La lettera aperta di Mario Tuti al pubblico del Torino Film Festival
Dove la parola manca, dove essa viene meno – per censura o complicità – non può esserci verità, che quest’ultima attende d’essere nominata dalla parola. La verità infatti non è un’evidenza, tutt’altro. È spesso qualcosa che tutta la società, o almeno quel fondamentale momento del potere che è la comunicazione, si accorda per censurare.
Ci sono verità che sollevano problemi senza soluzione, che presuppongono un cambiamento radicale della società fino dalle sue fondamenta. Il carcere è una di queste verità. Esso infatti riguarda non soltanto coloro che lo vivono, ma tutti quanti.
Il carcere è un luogo di infamia, sofferenza e abbrutimento. Non ha nulla a che fare con l’espiazione della colpa né tantomeno con la redenzione del prigioniero. Come tutte le verità, anche questa non necessita di essere dimostrata. Tutto tende a dimostrare il contrario, ovvero che si tratta di un luogo perfettibile, strutturato da una tensione di giustizia. Ma si tratta di un’idea soltanto ripetuta, non certo vera. Chiunque si prenda la briga o abbia la disgrazia di conoscere il carcere non ha bisogno di dimostrazioni o prove, sa della falsità di ciò che viene detto e della verità di ciò che non viene detto.
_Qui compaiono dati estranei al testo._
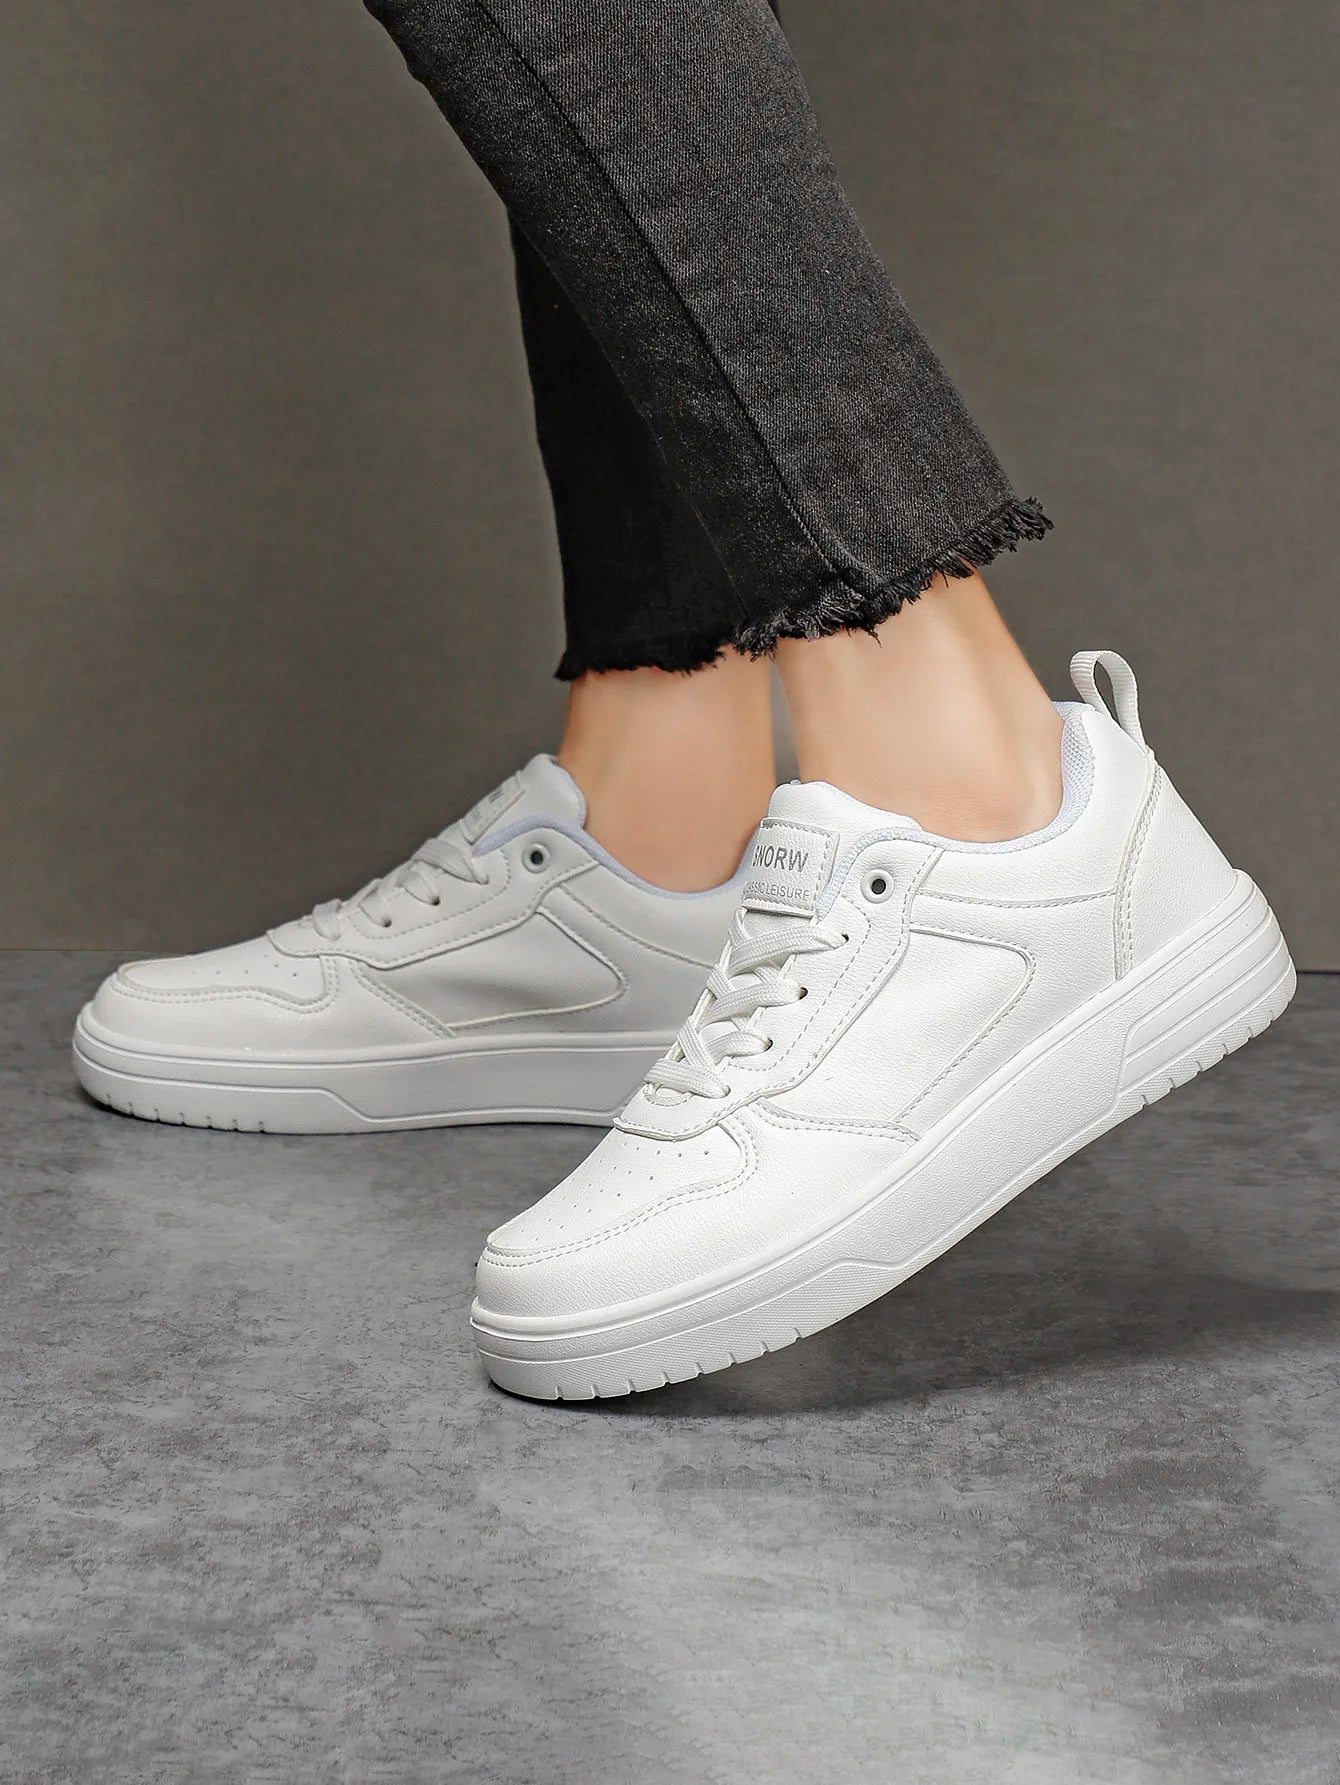 Men Casual Shoes Comfortable Sneakers Lightweight Walking Shoes

D’altronde quelli che hanno conosciuto il carcere dividono il mondo in due grandi gruppi. Loro e gli altri: è inevitabile, non lo scelgono, è una deformazione della loro anima che produce per gli occhi e per il cuore due immagini diverse della stessa realtà umana. Non è dissociazione né schizofrenia, è semplicemente la scoperta d’essere altro. D’aver varcato una soglia, alchemica prima che sociale, sicuramente morale.
Come reagire al carcere è il problema concreto di chi deve confrontarsi con esso. La maggioranza dei toccati finisce per soccombere: subisce l’abbrutimento, si adatta, vittima e complice al tempo stesso.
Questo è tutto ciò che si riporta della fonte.